Tuesday, 08 Mar 2011
Longhai Steel Inc a producer of steel wire products in the People Republic of China announced its preliminary unaudited financial highlights for the year ended December 31 2010.
The financial results provided in this news release are preliminary, unaudited, and subject to adjustment. Longhai Steel expects to release its audited financial results by March 15 2011.
Year 2010 preliminary unaudited highlights
1. Net revenues were USD 475.0 million up 27.1% from 2009.
2. Gross profit was USD 18.6 million up 10.4% from 2009.
3. Net income was USD 11.5 million down 2.0% from 2009.
4. Basic and diluted earnings per share were USD 1.15, down 3.4% from 2009.
5. Weighted average shares outstanding increased 1.2% in 2010 to 9,965,068 shares.
Mr Chaojun Wang Chairman and Chief Executive Officer of Longhai Steel said, "We are pleased with our operating performance for 2010 and expect to continue our good growth in 2011. Our fourth quarter 2011 was especially good, with revenues up 60.7% and net income up 28.5% from the fourth quarter 2009. During the summer of 2010, we reduced wire prices to respond to competitive pressures from a larger than expected local supply of wire. Since that situation appeared to be temporary, we believe that the spreads between billet costs and wire prices have returned to more normal relationships for 2011. As we did in 2010, we expect to benefit for the next several years from the growing demand for steel wire used for construction and infrastructure as China continues its dramatic urbanization and modernization."

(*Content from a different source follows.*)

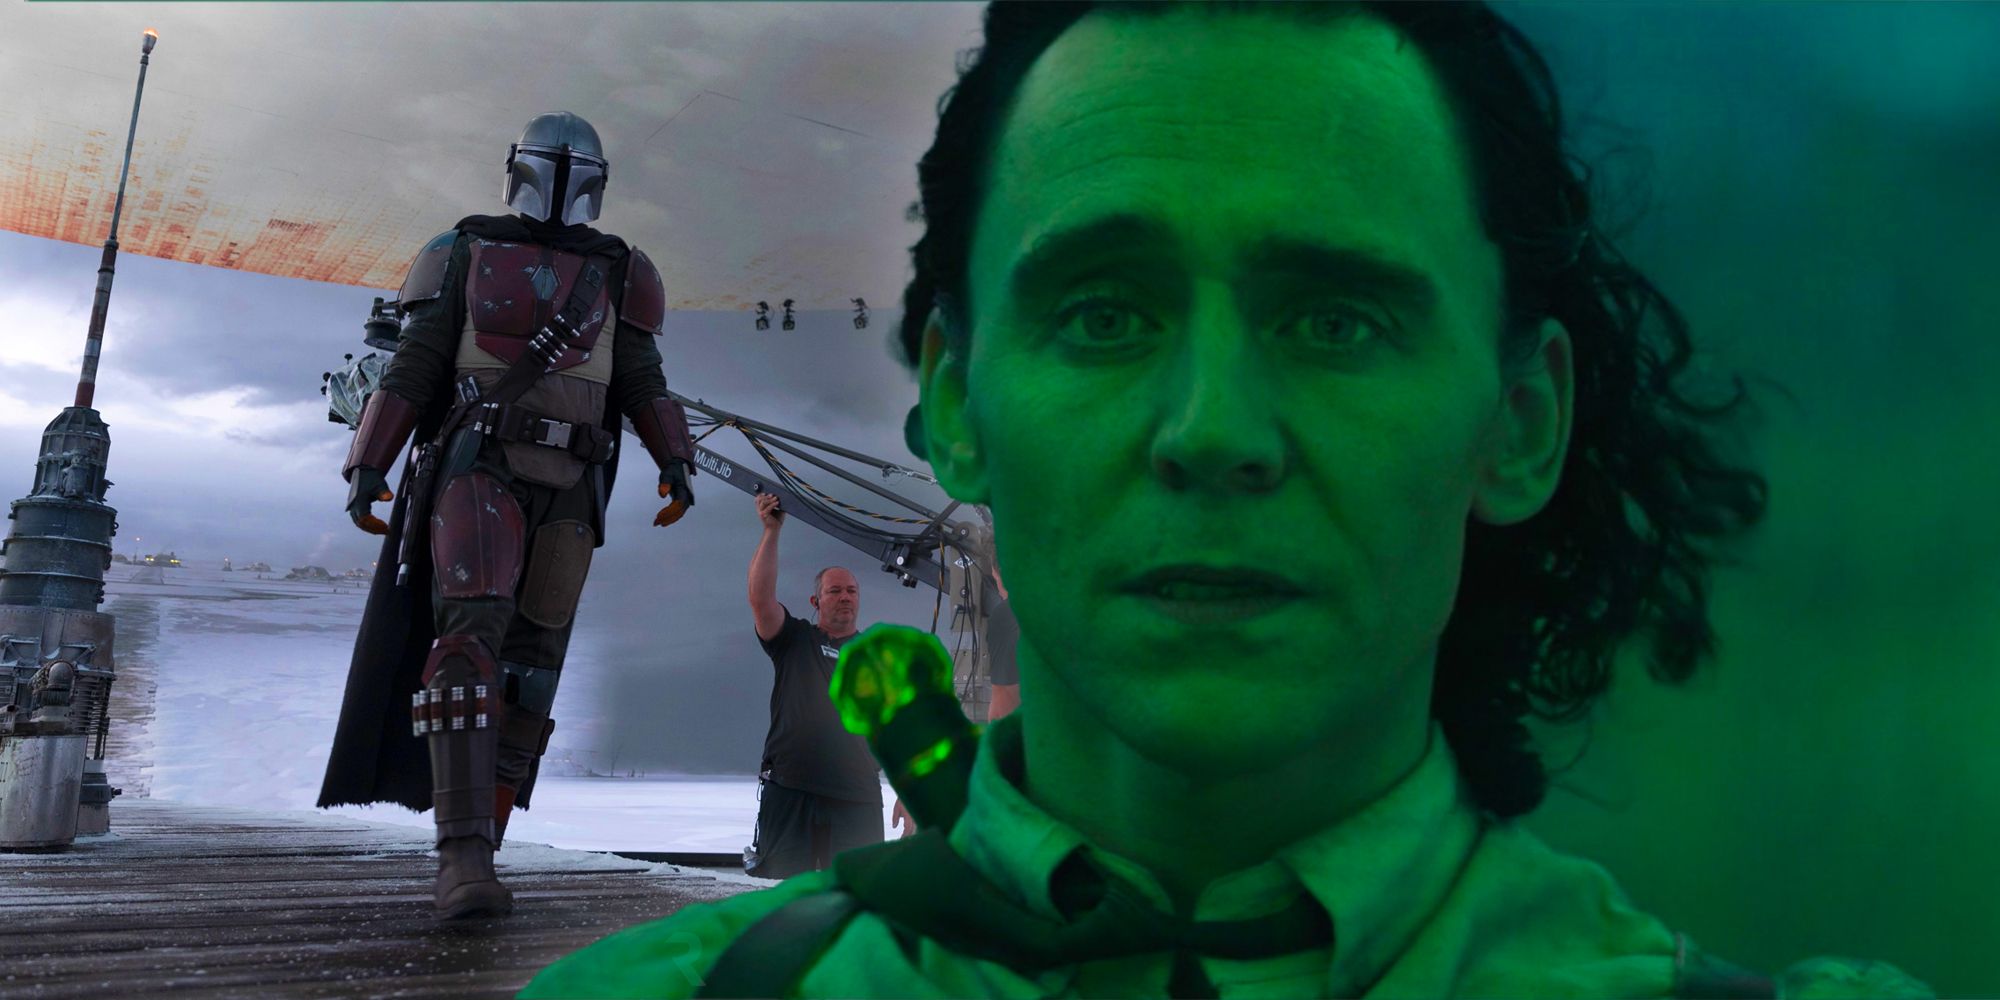 Loki the Mandalorian

Net revenues increased 27.1% to USD 475.0 million in the year ended December 31 2010 from USD 373.7 million in 2009 primarily due to a 17.8% increase in the average price for wire per ton. Longhai Steel's tonnage sold in 2010 increased 6.9% to 906,836 metric tons from 848,063 tons in 2009.
Cost of goods sold increased 27.9% to USD 456.4 million in 2010 from USD 356.8 million in 2009. Cost of goods sold as a percentage of net revenues was 96.1% in 2010 compared with 95.5% in 2009. The cost of goods sold is largely determined by movements in steel billet prices and by volume. Billets typically account for more than 95% of cost of goods sold. The weighted average cost of goods sold per ton of wire increased 18.8% in 2010 from 2009.
Gross profit increased 10.4% to USD 18.6 million in 2010 from USD 16.8 million in 2009. The gross profit margin decreased to 3.9% in 2010 from 4.5% in 2009 mainly due to narrowing of the spread between billet purchase prices and wire sales prices, as the company lowered prices to respond to competitive pricing pressures from larger-than-expected local supplies of wire during the summer of 2010.
General and administrative expenses increased 100.9% to USD 2.2 million in 2010 from USD 1.1 million in 2009 due to a stock option granted to an executive and higher expenses for social insurance, and expenses related to the company's preparation for a securities offering and for the trading of its common shares on NASDAQ.
Income tax increased 2.4% to USD 4.0 million in 2010 from USD 3.9 million in 2009, with the effective tax rate of 25.8% in 2010 and 25.0% in 2009. Net income decreased 2.0% to USD 11.5 million in 2010 from USD 11.7 million in 2009. Basic and diluted earnings per share decreased 3.4% to USD 1.15 in 2010 from USD 1.19 in 2009.
As of December 31 2010, cash and cash equivalents were USD 0.3 million, shareholders' equity was USD 44.5 million and total assets were USD 78.0 million.